2016-06-30
Everyone doing "top stories of the year" has selected the Sept. 11 attacks as the most important event of 2001. In this column I want to name four important effects of Sept. 11 on American religious life.

Sept. 11 defanged Christian right culture warriors.

The striking religiosity, moral decency, and national unity that emerged in the wake of the attacks simply shattered both the context and the content of the hard right's critique of our nation.

In terms of context, it became impossible--as Pat Robertson and Jerry Falwell discovered--to continue under wartime conditions to offer the bitter polemic against American cultural drift and moral decline that for years has been the bread and butter of many conservative Christian commentators.

In terms of content, the stirring response of most Americans to the challenges faced by our nation made it harder to sustain the charge that the United States has become a moral wasteland. While there are many moral problems we continue to face as a nation, our response has been a reassuring affirmation of continuing moral strength.

Sept. 11 focused attention on Islam and reshaped our understanding of religious diversity.

In the process of learning about our attackers, an interesting trajectory developed. At first, everyone from the president on down attempted to declare that Islamic fundamentalism was an aberration from what in its essence is a religion of peace. But the next stage of analysis revealed that, in fact, a large portion of the Islamic world--for a variety of discernible historical reasons--has never made the painful yet necessary accommodation to political and religious pluralism that the majority of Christian groups have undergone over the last century or more.

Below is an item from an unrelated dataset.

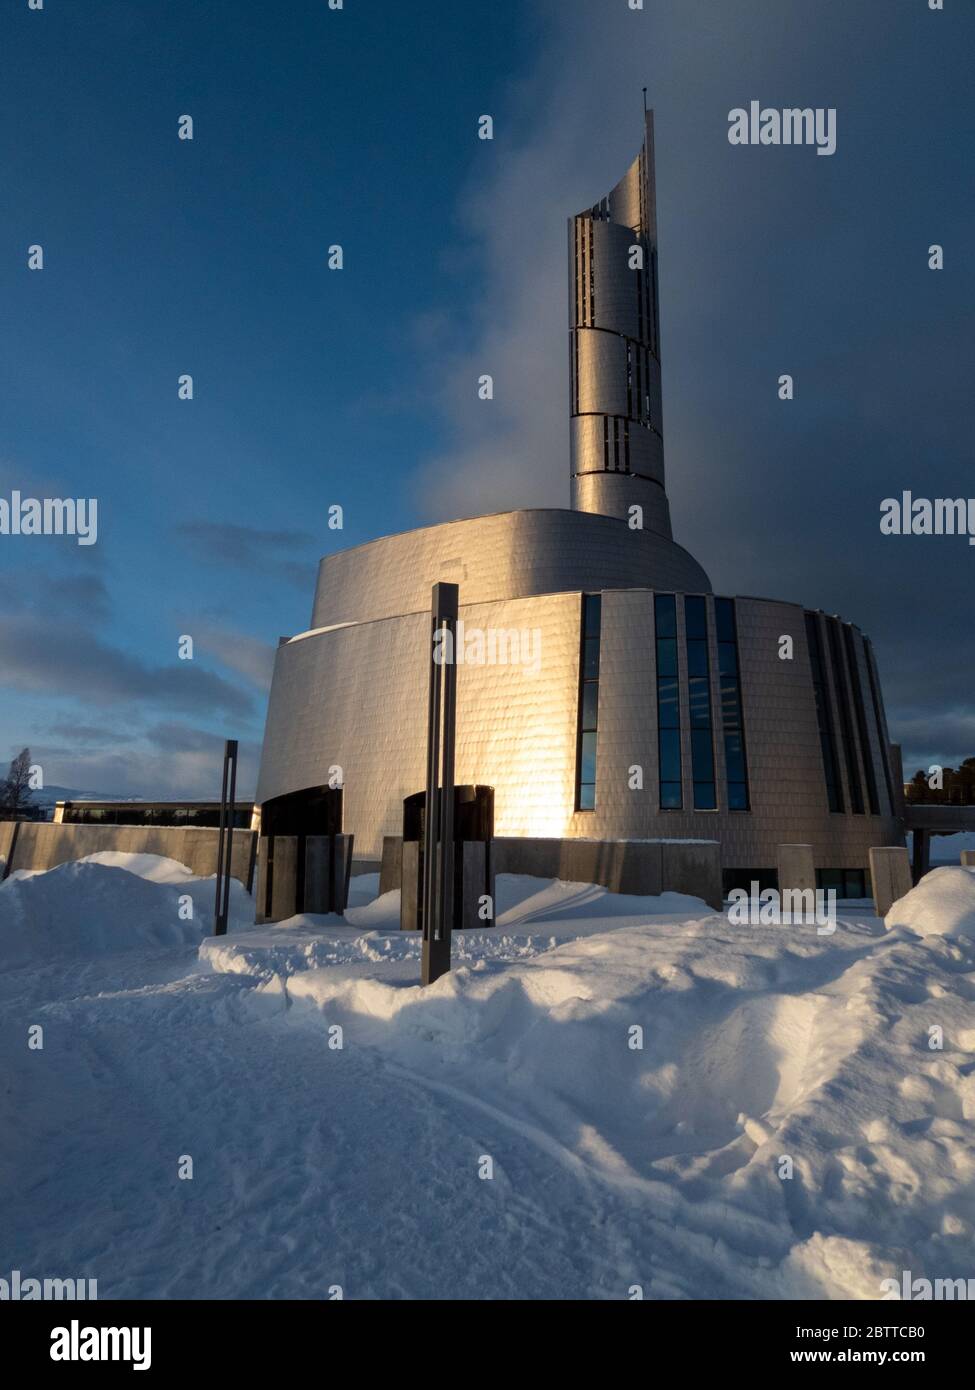 Die Nordlichtkahedrale, oder auch Alta-Kirche, ist die größte Kirche der norwegischen Stadt Alta und wurde von2011 bis 2013 erbaut. Foto de stock

Further, the existence of a very strong "jihad" strand within Muslim tradition has been, after more examination, impossible to deny. All of this has made it harder to sustain the weak form of universalist ecumenism so prevalent in some circles--the idea that all religions are equally valid alternatives paths to God, and all are "true." The content of what people believe really does matter, and that content is not "equivalent" in all religions or even within particular religions.

Efforts to tighten the explicit connection between religion and American politics have been set back, while, paradoxically, the frequency of religious references in public rhetoric has increased.

Thoughtful Americans have been horrified at the clearly disastrous impact of Islamic fundamentalism's marriage of religion and politics. Americans who tend toward a Christian theocratic vision of politics have never been more marginalized. More specifically, the president's faith-based initiative likely will be weakened beyond recognition or will fail altogether, at least that part of it that he cannot get through via executive orders.

Yet at the same time, in the immediate aftermath of the crisis, the essential religiosity of the American people has never been more obvious. "God bless America" was everywhere, as were references to God, prayer, the Bible, and faith in the speeches of the president and many other leaders. A close reading of these speeches reveals that efforts are being made to be as inclusive as possible with religious references, but no one will soon label ours a secular nation. We are not France or Sweden, and will not be anytime soon.

The events of 9/11 have revealed the weakening of both the just war tradition and historic pacifism at the leadership level of American Christianity.

The defense of just war criteria were not very visible after 9/11. Many Catholic and Protestant religious leaders opposed military action by the United States, but surprisingly few offered a recognizable brand of pacifism to do so. Instead, what surfaced was a kind of limp handwringing ethic that serves neither church nor state very well.